# Angeln in USA, South Carolina



## SchwalmAngler (29. August 2010)

Ich muss demnächst beruflich in die USA, genauer gesagt nach Spartanburg in South Carolina. Wenn ich schon mal da drüben bin, würd ich gern ein wenig angeln. 

Weiss jemand wie sich das in den USA mit Angellizenzen und Angelscheinen für ein Gewässer verhält?

Ich gehe davon aus, das man (besonders als Ausländer) keine Prüfung wie hier in Deutschland braucht?

Wie sieht das mit Tages- oder Wochenkarten für ein Gewässer aus? Kann man sich dort einfach einen Schein für ein Gewässer in irgend einem Angelladen (wie hier in Deutschland) kaufen?

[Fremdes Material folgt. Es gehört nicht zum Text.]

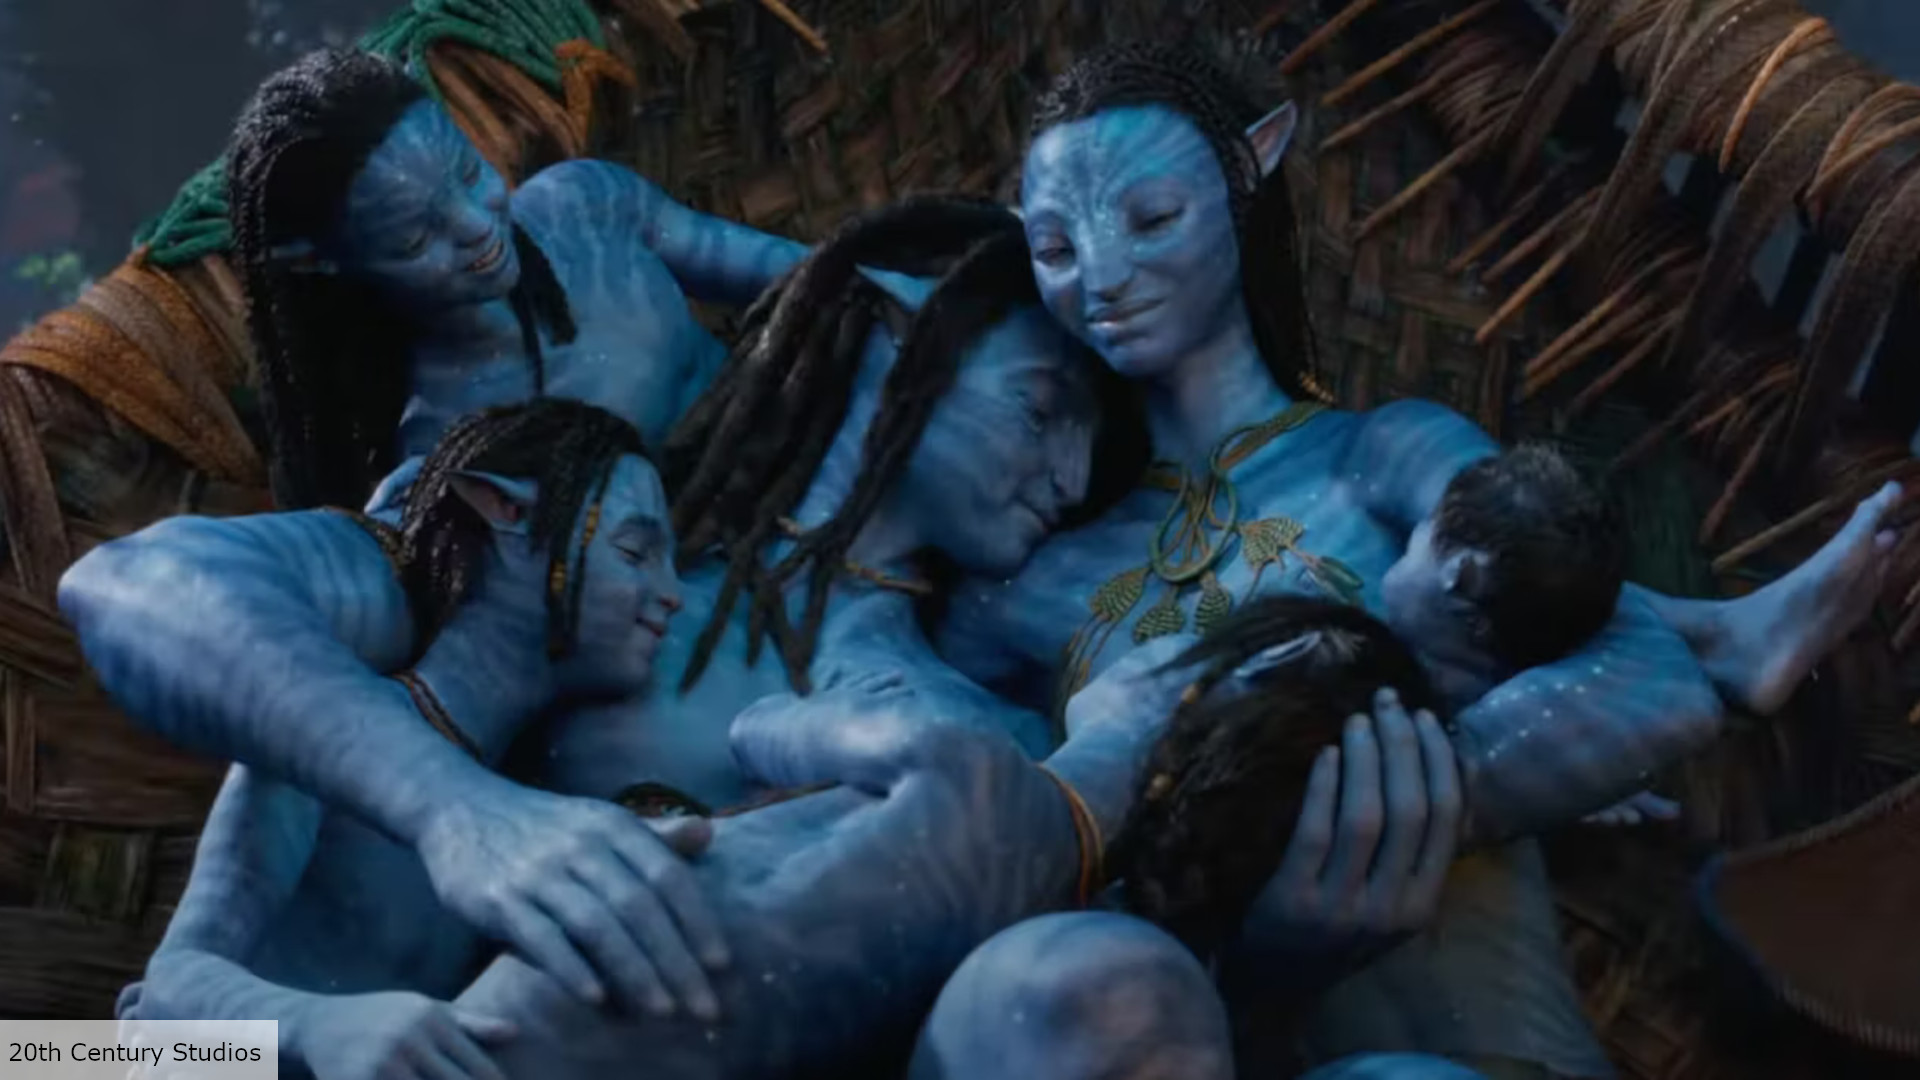 Exclusive: Na'vi do have genitals say Avatar 2 cast | The Digital Fix

Als Zielfisch dachte ich an Barsche, Hecht oder Zander. Wollte halt hauptsächlich nen wenig Spinnfischen gehen. Denke mal, das ich mir dort drüben dann das Grund-Tackle (Rute, Rolle und Köder) kaufen werde. Da wirds ja sicherlich nen paar günstige Sachen geben die ich für die Zeit in der ich da bin nutzen kann. Evtl. werd ich das Zeugs dann später mit der Firmenpost nach Deutschland schicken lassen.

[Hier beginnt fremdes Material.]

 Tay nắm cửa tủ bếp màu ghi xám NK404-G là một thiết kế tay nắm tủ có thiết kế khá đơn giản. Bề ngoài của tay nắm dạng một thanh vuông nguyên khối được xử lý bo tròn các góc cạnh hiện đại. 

Momentan gehts mir jedoch mehr um die Bedingungen damit ich überhaupt angeln kann. Währe super wenn mir jemand ein paar Infos geben könnte.


----------



## Ein_Angler (29. August 2010)

*AW: Angeln in USA, South Carolina*

Hier kannst du dich direkt beim Goverment informieren. Du bekommst Angelerlaubnisse übrigens nur in der City bzw. Town Hall.

http://sc.gov/Pages/default.aspx

Es gibt dort keine Scheine für einzelne Seen, du bezahlst die Lizenz und kannst fast an allen Gewässern in South Carolina angeln, das kann man dann der Broschüre entnehmen die man vor Ort bekommt. Auch musst du aufpassen wenn du Fisch mitnehmen willst, weil viele Gewässer nur C&R erlauben. 

Viel Spass wünsche ich dir, mit viel Muskie und Bass.


----------